Jawab : Dalam menyikapi adanya perubahan digitalisasi pemerintahan, sikap birokrat
(aparatur/pejabat publik) dapat bervariasi tergantung pada individu dan lingkungan kerja. Berikut adalah beberapa sikap yang mungkin diambil oleh birokrat dalam menyikapi perubahan digitalisasi pemerintahan:
- Menerima perubahan : Birokrat dapat menerima perubahan digitalisasi pemerintahan
sebagai bagian dari tugas dan tanggung jawab mereka. Mereka dapat melihat manfaat dari digitalisasi dalam meningkatkan efisiensi, transparansi, dan kualitas pelayanan publik. - Belajar dan beradaptasi: Birokrat perlu belajar dan beradaptasi dengan teknologi baru yang muncul sebagai bagian dari digitalisasi pemerintahan. Mereka dapat mengikuti pelatihan dan pengembangan keterampilan yang diperlukan untuk menghadapi perubahan ini. - Menghadapi tantangan : Birokrat dapat menghadapi tantangan dalam mengimplementasikan digitalisasi pemerintahan, seperti kekurangan sumber daya, perubahan proses kerja, dan resistensi terhadap perubahan.
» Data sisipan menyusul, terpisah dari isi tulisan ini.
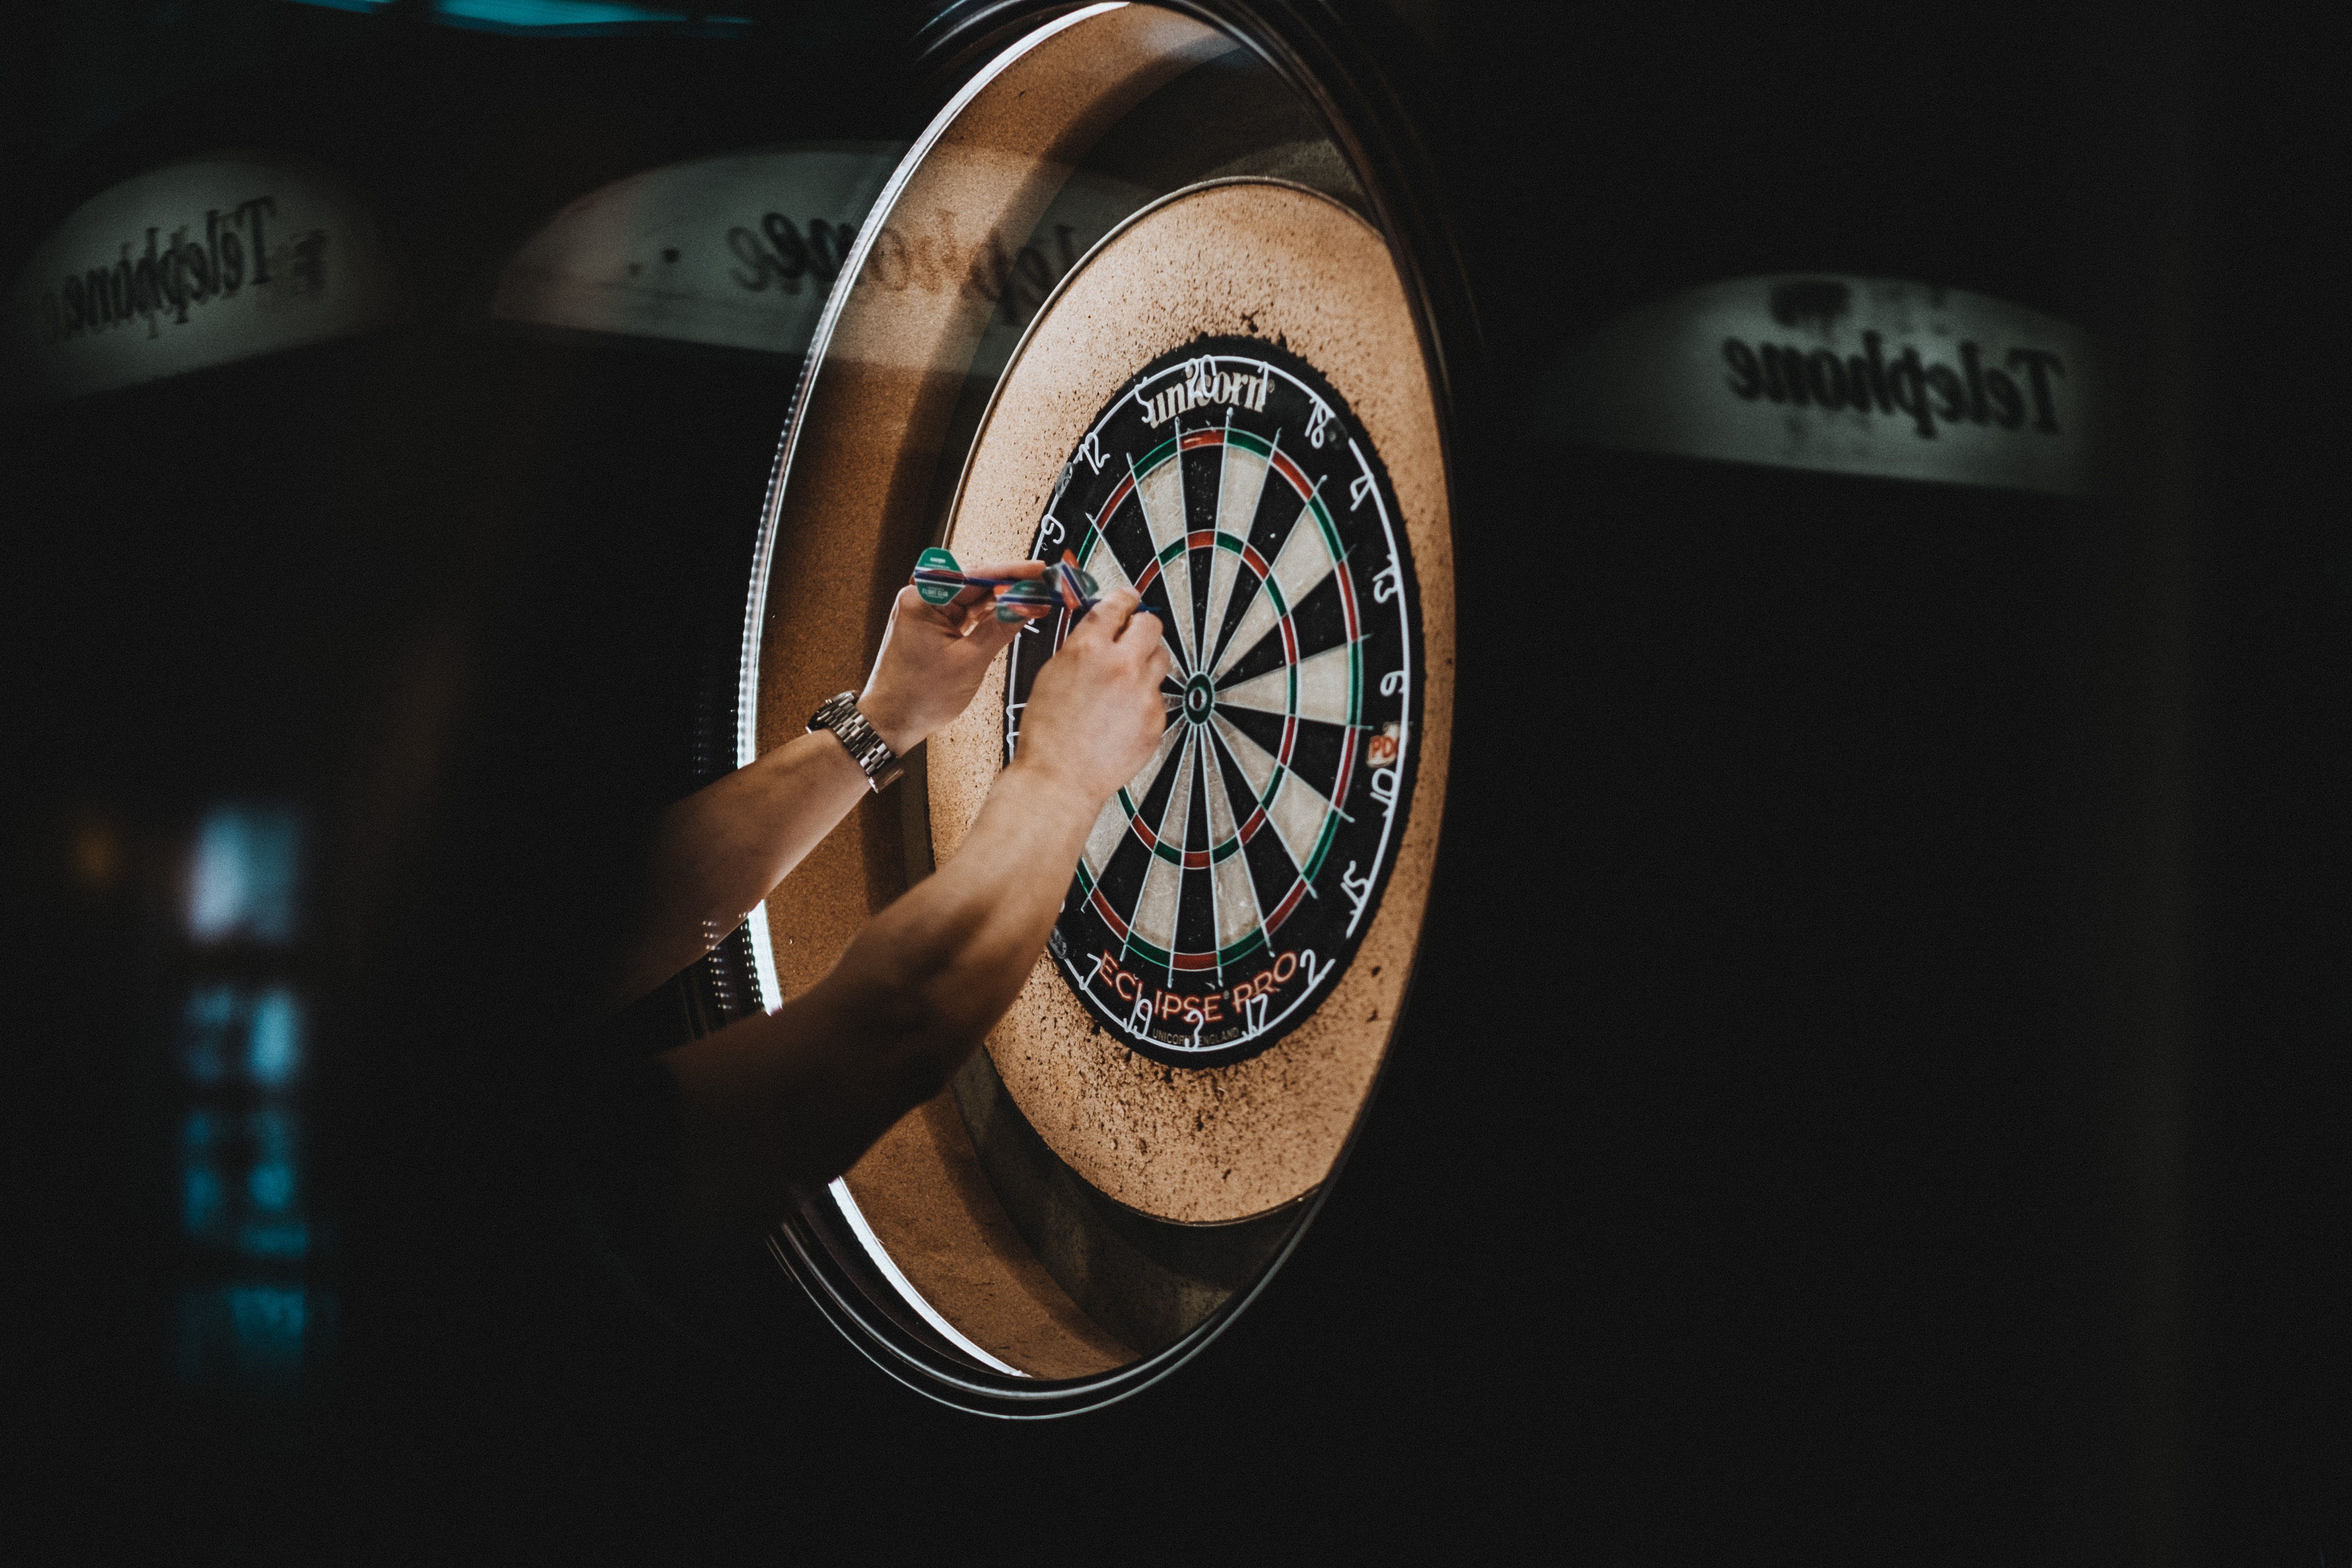 5400x3600 #darts, #background, #sport, #circle, #hand, #wallpaper, #play, #watch, #reflection, #arm, #game, #fun, #night, #typography, #light, #dartboard, #Creative Commons image, #fashion, #evening, #telephone box, #hands HD Wallpaper
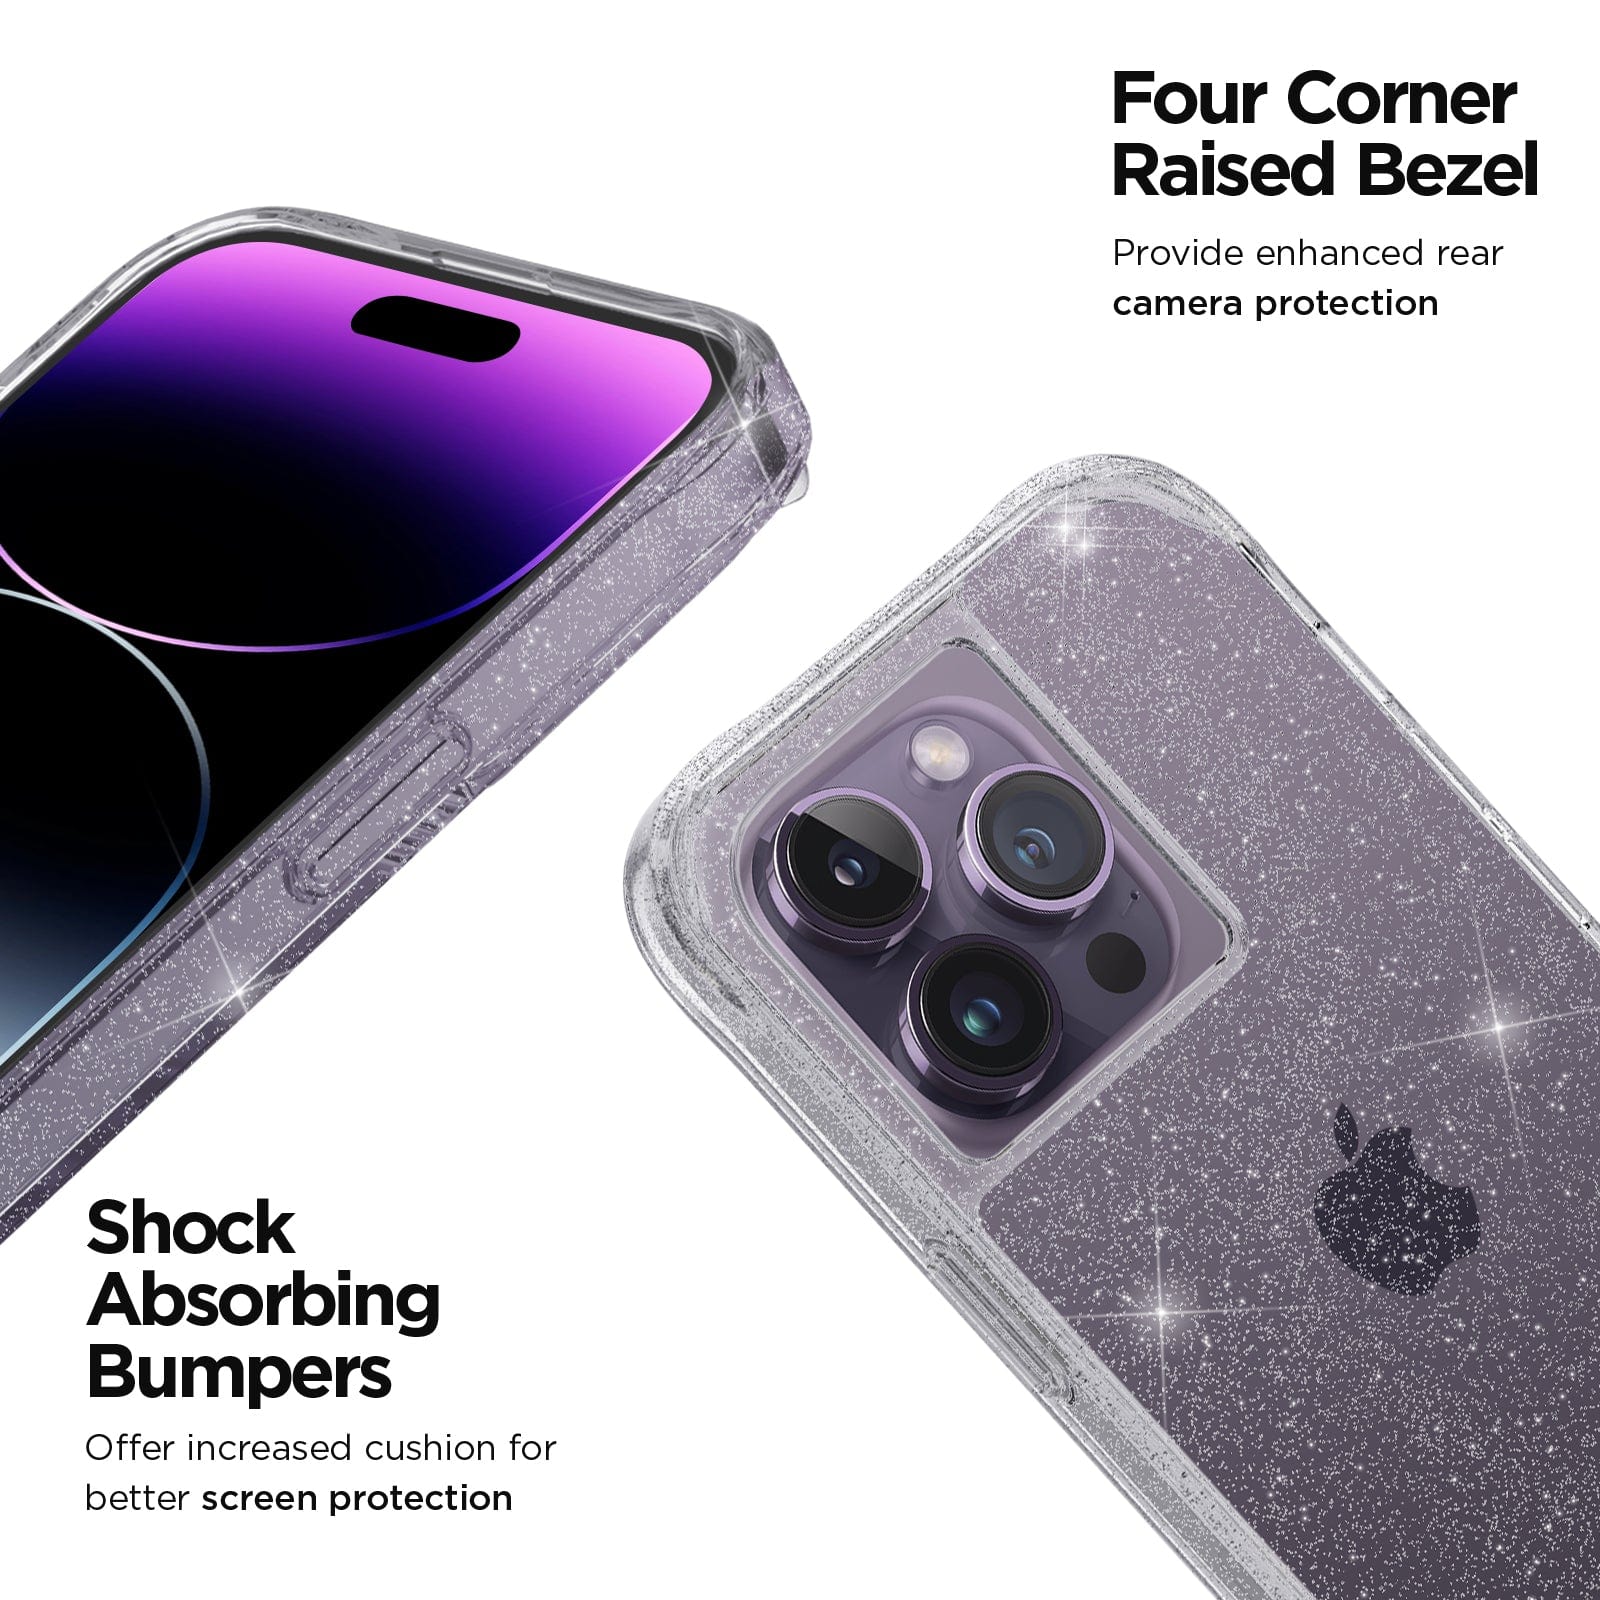 FOUR CORNER RAISED BEZEL PROVIDE ENHANCED REAR CAMERA PROTECTION. SHOCK ABSORBING BUMPES OFFER INCREASED CUSHION FOR BETTER SCREEN PROTECTION.

Mereka perlu mencari solusi untuk mengatasi tantangan ini dan memastikan keberhasilan digitalisasi pemerintahan. - Mengutamakan pelayanan publik : Birokrat perlu tetap fokus pada pelayanan publik yang berkualitas dalam proses digitalisasi pemerintahan. Mereka harus memastikan bahwa pelayanan publik tetap efisien, tepat, dan cepat. - Mengikuti regulasi: Birokrat perlu mengikuti regulasi yang terkait dengan digitalisasi pemerintahan, seperti peraturan menteri tentang pengelolaan kinerja pegawai aparatur negara dan reformasi birokrasi. Mereka harus memastikan bahwa implementasi digitalisasi dilakukan sesuai dengan aturan yang berlaku. - Menghadapi peluang: Birokrat dapat melihat adanya peluang dalam digitalisasi pemerintahan, seperti peningkatan integritas aparatur, inovasi pelayanan publik yang cepat, dan peningkatan efisiensi. Mereka dapat memanfaatkan peluang ini untuk meningkatkan kualitas kerja mereka dan memberikan pelayanan publik yang lebih baik.